No mystery in RCI backroom deals

The only party stung by the goings-on at the Roxas & Co., Inc. (RCI) are not the compradors who are helping themselves secure shares in a company that had long been moribund but the thousands of landless farmers who were fighting to win their piece arable land in the 2,941-hectares of Haciendas Palico, Banilad and Caylaway in Nasugbu, Batangas.

In December 2023, the farmers woke up to find that their claim was thrown to the gutter by the Department of Agrarian Reform (DAR), which swiftly decided to chop up the hacienda and deliver only 1,322 hectares to 1,200 farmer-beneficiaries under the Comprehensive Agrarian Reform Program (CARP), with RCI retaining the rest of the property.

Furious, the farmers fired their counsel who apparently acceded to the DAR decision without consulting with her clients. A new lawyer took over the case and maintained that the decision cannot be final and executory since the former counsel acted on her own to end the dispute that has dragged on for more than three decades. For the edification of readers, the DAR budget for land acquisition and distribution (LAD) for 2024 is a mind-boggling P6-million. DAR and RCI maintain the verdict is now etched in stone but the farmers are loath to accept that, saying the land to be doled out to them are not fertile and far from their communities.

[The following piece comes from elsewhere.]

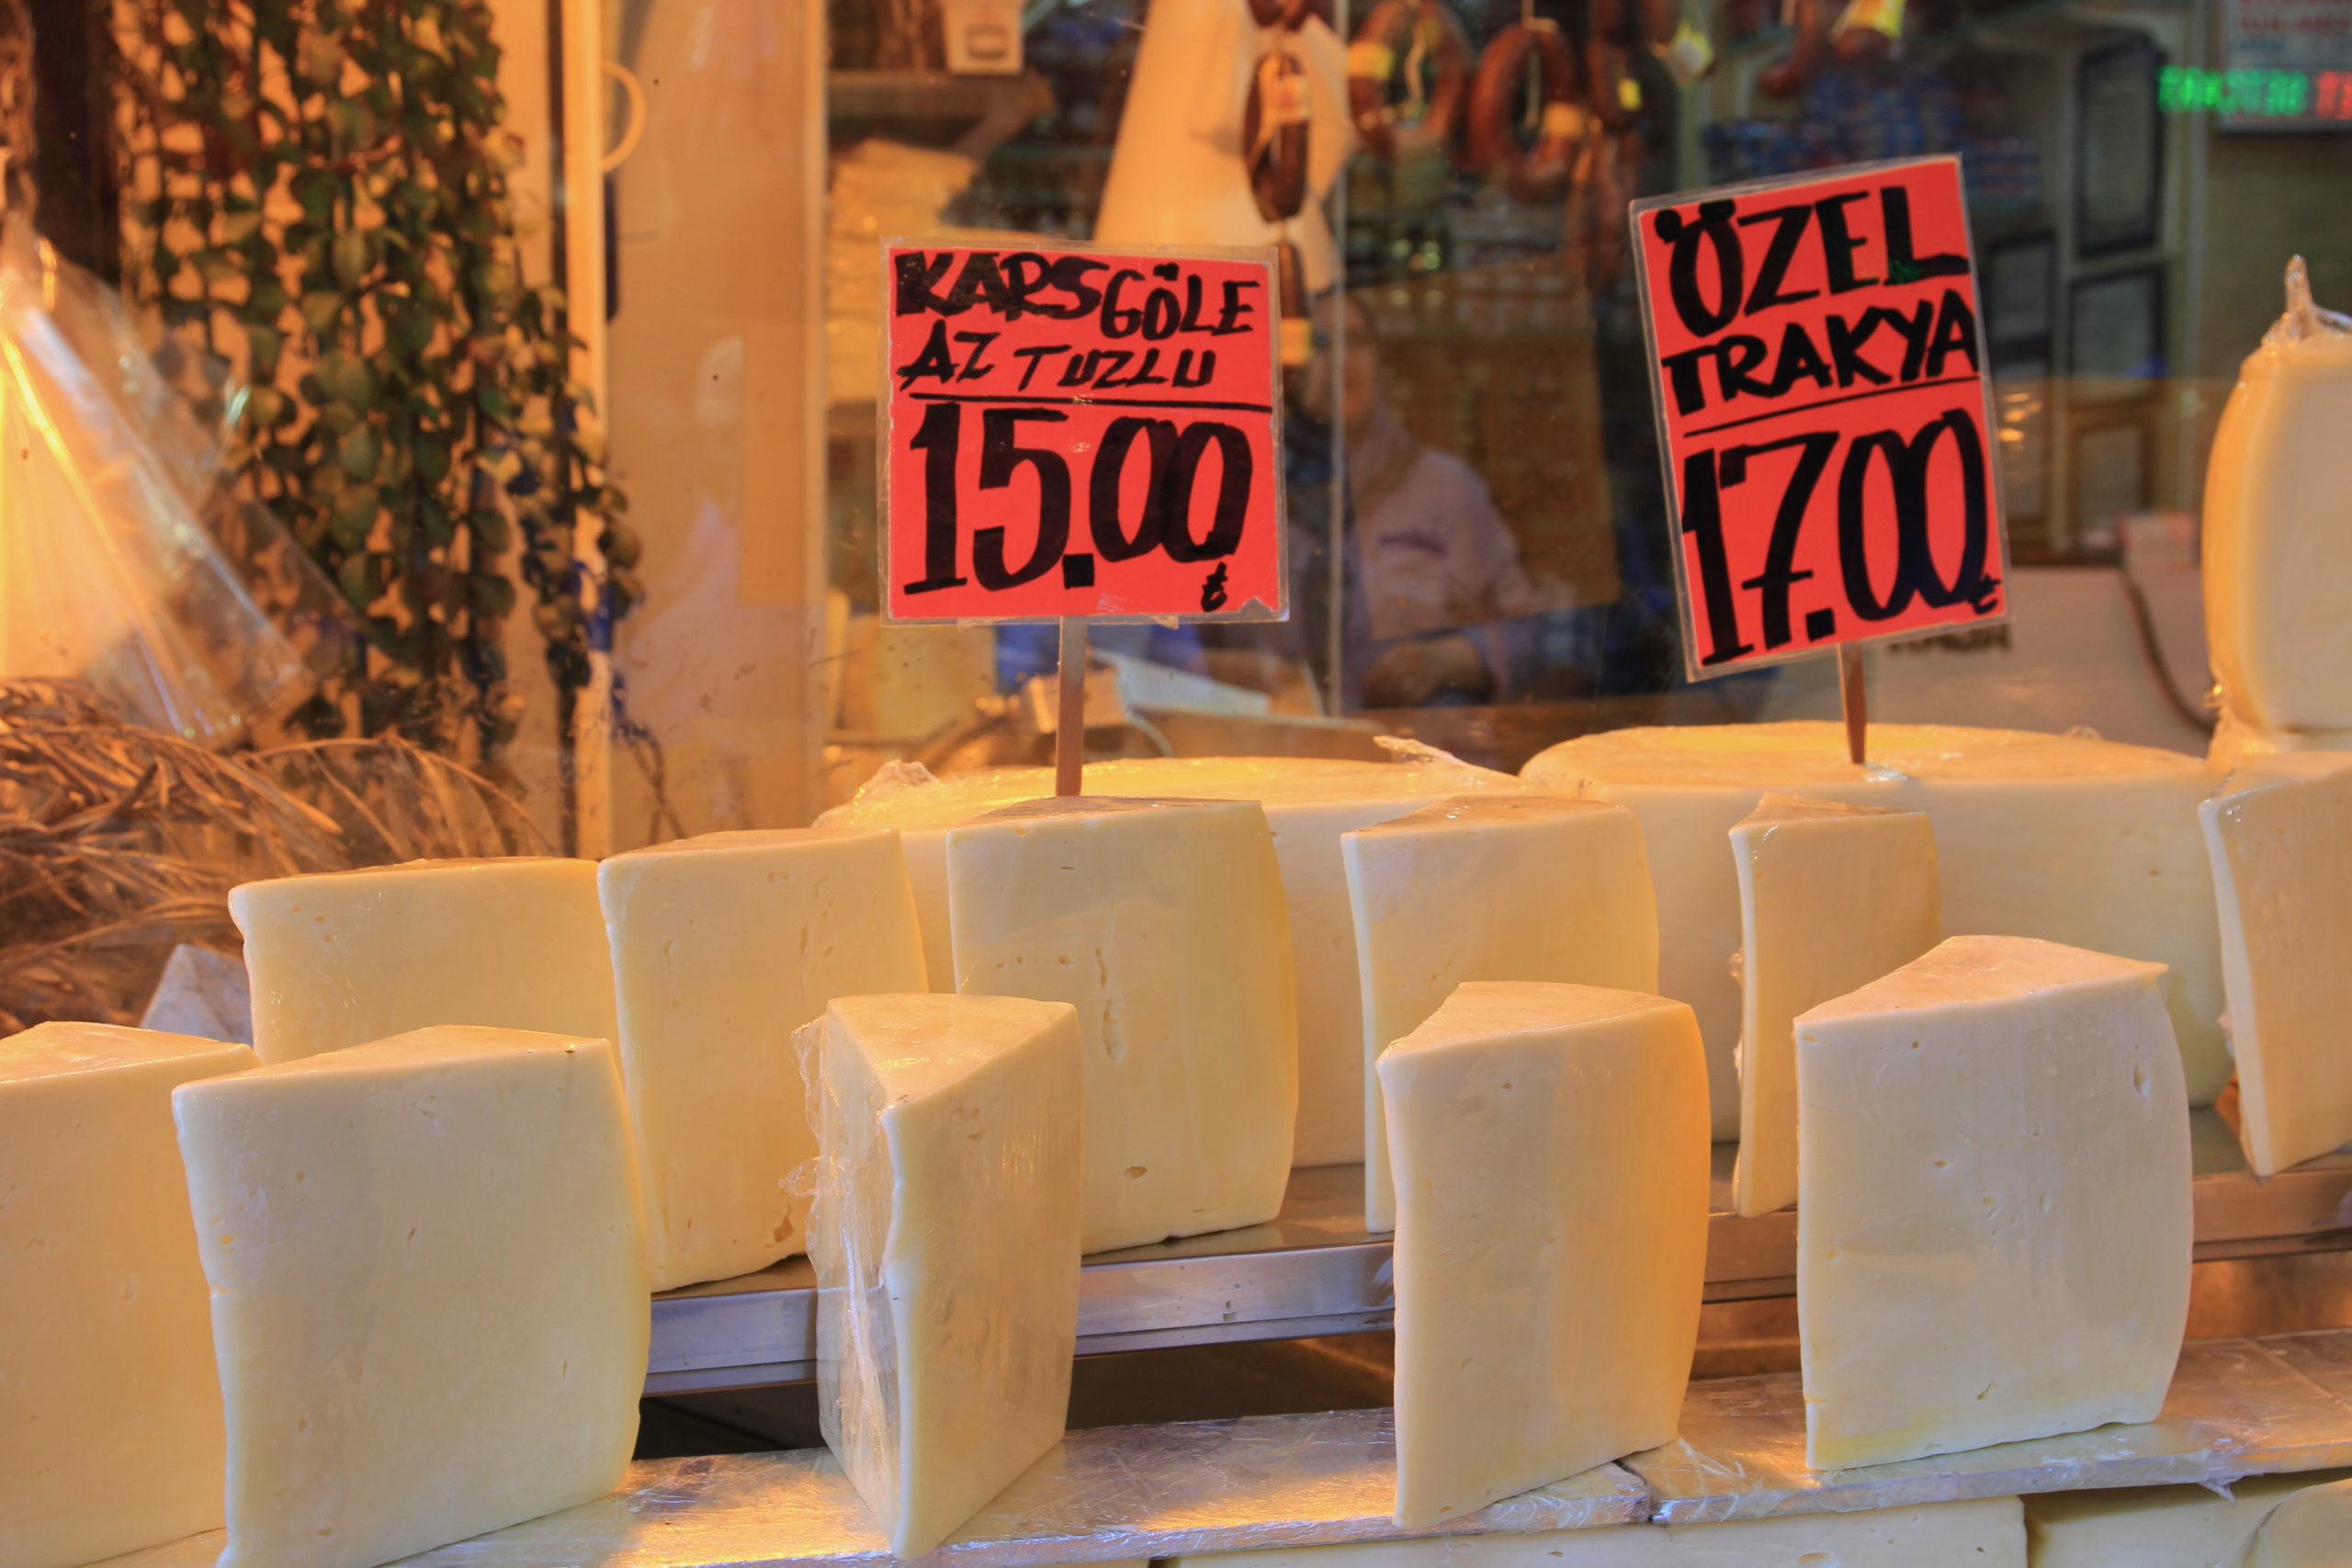 トルコのチーズ

Meanwhile, RCI, which already shut down its sugar central and sent their workers to pasture, was cutting deals with investors, including Leandro Leviste, the son of Sen. Loren Legarda, for a solar power generating venture, while 250 million treasury shares were sold on May 6 at P2 each to Stonebridge, a property developer owned by Madrigal heiress Ging Gonzalez-Montinola. Ging is the wife of RCI director Gigi Montinola, who quickly left his post.

RCI sold 66.93 million shares at 44 centavos each on January 16, just four days after management updated the directors on the status of the cases before DAR. The department issued an order dividing the 2,644-hectare haciendas in Nasugbu, Batangas evenly between RCI and 1,200 farmers on Dec. 29, 2023, and claimed that the order became final on Jan. 30, 2024 after no party filed any motion for reconsideration or appeal within the 15-day mandatory period following the issuance of the order. The farmers have appealed the DAR decision before the Presidential Agrarian Reform Council (PARC), which can still reverse the order.

RCI sold big chunks of treasury shares in two batches – 75 million shares at 65 centavos each on February 20 and 75 million shares at 69 centavos each on March 7. RCI did not reveal the buyer or buyers of the treasury shares which have since rocketed to a high of P4 due to aggressive bargain hunting by Leviste, who sits on the board of SPNEC along with RCI chairman Pedro Roxas.

In contrast, RCI promptly identified Stonebridge, owned by Madrigal heiress Ging Gonzalez-Montinola as the purchaser of 250 million of the 300 million treasury shares sold for P2 each (way below market price) on May 6. Ging is the wife of former RCI director Gigi Montinola. Still, RCI remains mum on who the buyer of the remaining 50 million shares is.

Nasugbu, Batangas Mayor Antonio Jose A. Barcelon is also gunning after RCI, saying the Roxas and Elizalde families have failed to pay the real property taxes (RPT) on the hacienda lands mortgaged to the Bank of the Philippine Islands (BPI.) Barcelon said that he would revoke RCI’s business permits if the company fails to pay. RCI is sinking under P3.9 billion in long-term debt, a third of which is owed to BPI but it says it only has landholdings in Nasugbu and does not operate any business there. But idle landholdings are not exempt from taxes.